@InBook{,
ALTauthor = {Schrager, J.},
ALTeditor = {Schrager, J. and Langley, P.},
title = {Computational
Models of Scientific Discovery and Theory Formation},
chapter = {Commonsense perception and the psychology of
theory formation},
publisher = {Morgan Kaufman},
year = {1990},
OPTpages = {437--470},
}
Quasi-linguistic: representations that approximate english words of phrases [348]
Schrager and Klahr (1983, 1986): Gave Ss BigTrak toys and asked them to figure it out. They would try something, and when the observed behavior did not jibe with expectations, they recognized what was actually happening (vector addition, e.g.) and put that concept into their theories. Steps are 1. recognition, 2. Introduction of a concept into a theory, and 3. Reformulation of the theory. [440]
Schrager and Klahr (1983, 1986): In the Digicomp example (a flip flop and straw mechanical computer) Ss created a new vocabulary (e.g. blocking, setting) for themselves as they learned about the device.
These processes are called "view application." [447] viewing the device under study as an instance of a commonsense abstraction, using incremental conceptual combination of "views" (abstract schemas) and their present theory.
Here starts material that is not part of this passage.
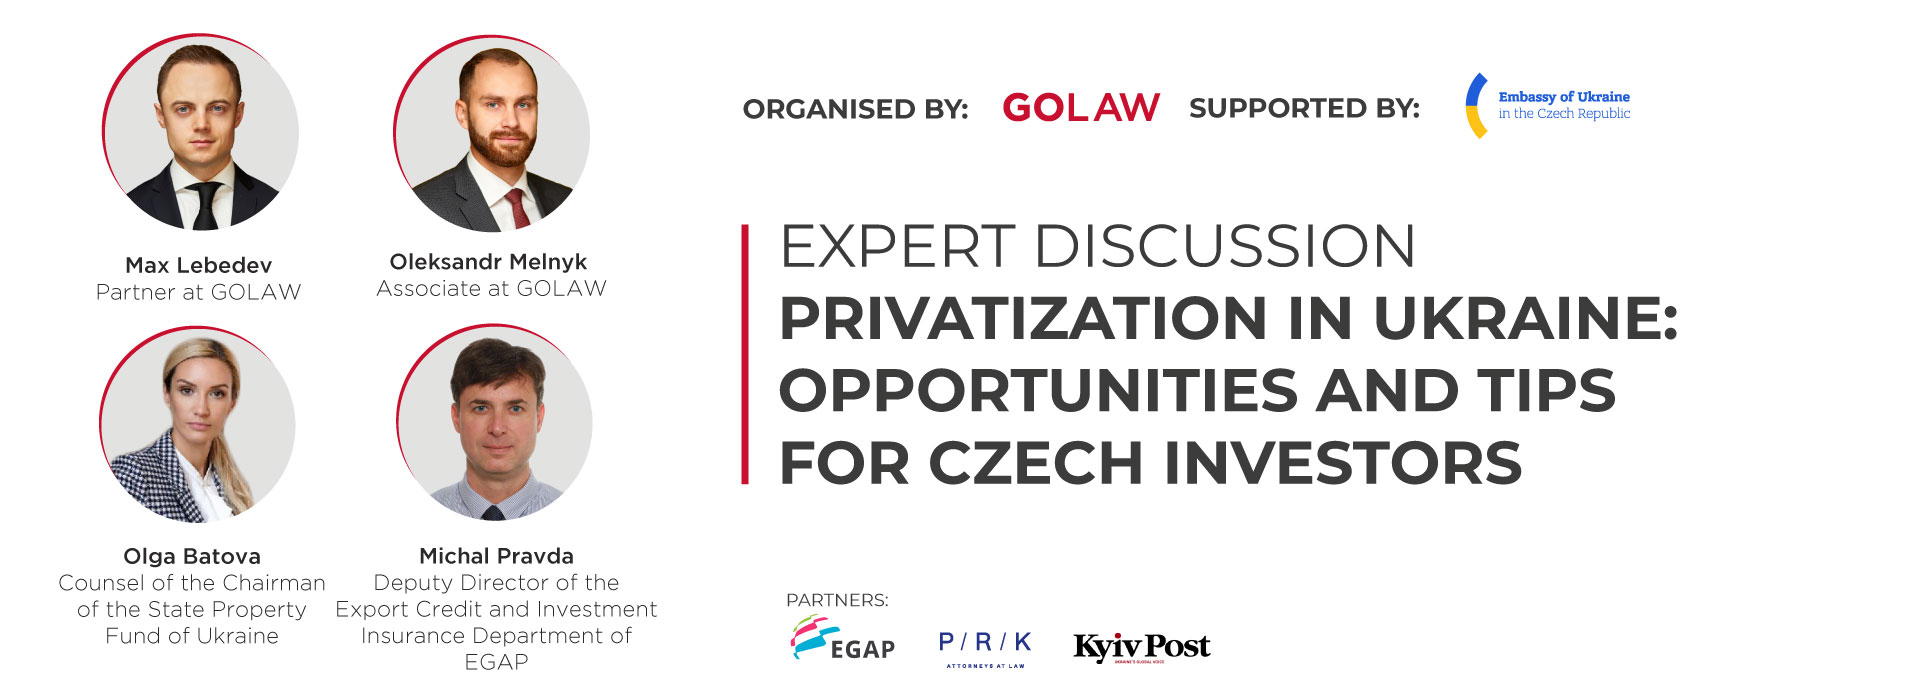 Privatization in Ukraine: Opportunities and Tips for Czech Investors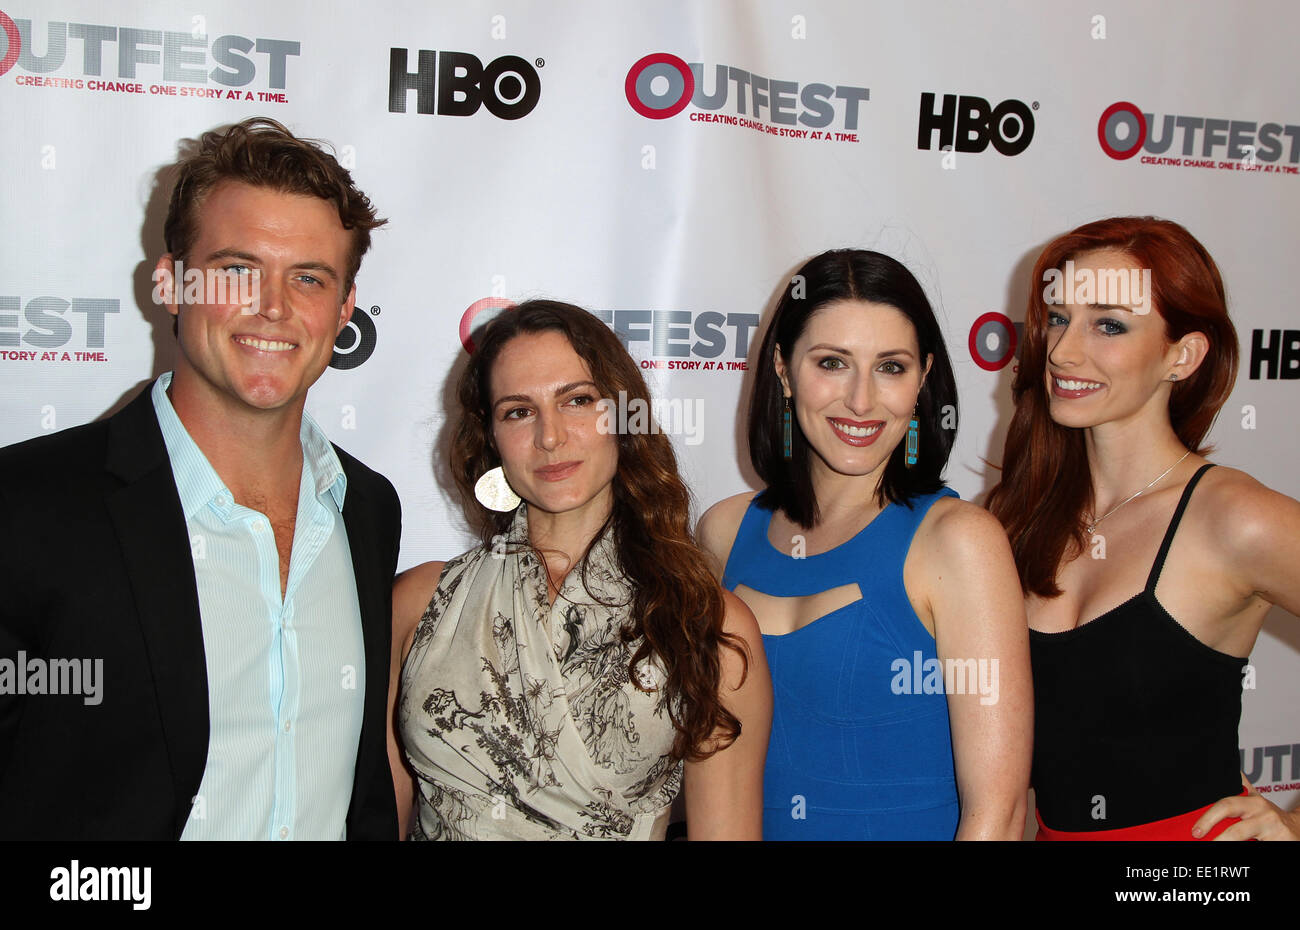 2014 Outfest Opening Night Gala Premiere Of Life Partner Arrivals  Featuring: Shannon Constantine,Sarah Connine,Najarra Townsend Where: Los Angeles, California, United States When: 10 Jul 2014 Stock Photo

There is view selection and combination. Selection is a recognition.
Grounded representation: Sensation and sensory experience form the basis of conceptual knowledge [450].
The paradox of recognition is this: how can you recognize something as an example of something else if the two vocabularies don't match? The solution is that representations of both have a more primitive level found in experience traces. [451]
The computational agent system has list representations and a 100x100 pixel iconic store. It contains tokens representing the objects understood to be in that location. [457]
Visual primitives: Circle [458], left-of, radius
Radius is an abstraction for excitation of the molecule [459].
The agent uses a series of bitmapped snapshots. Processes are recognized by image matching. [461]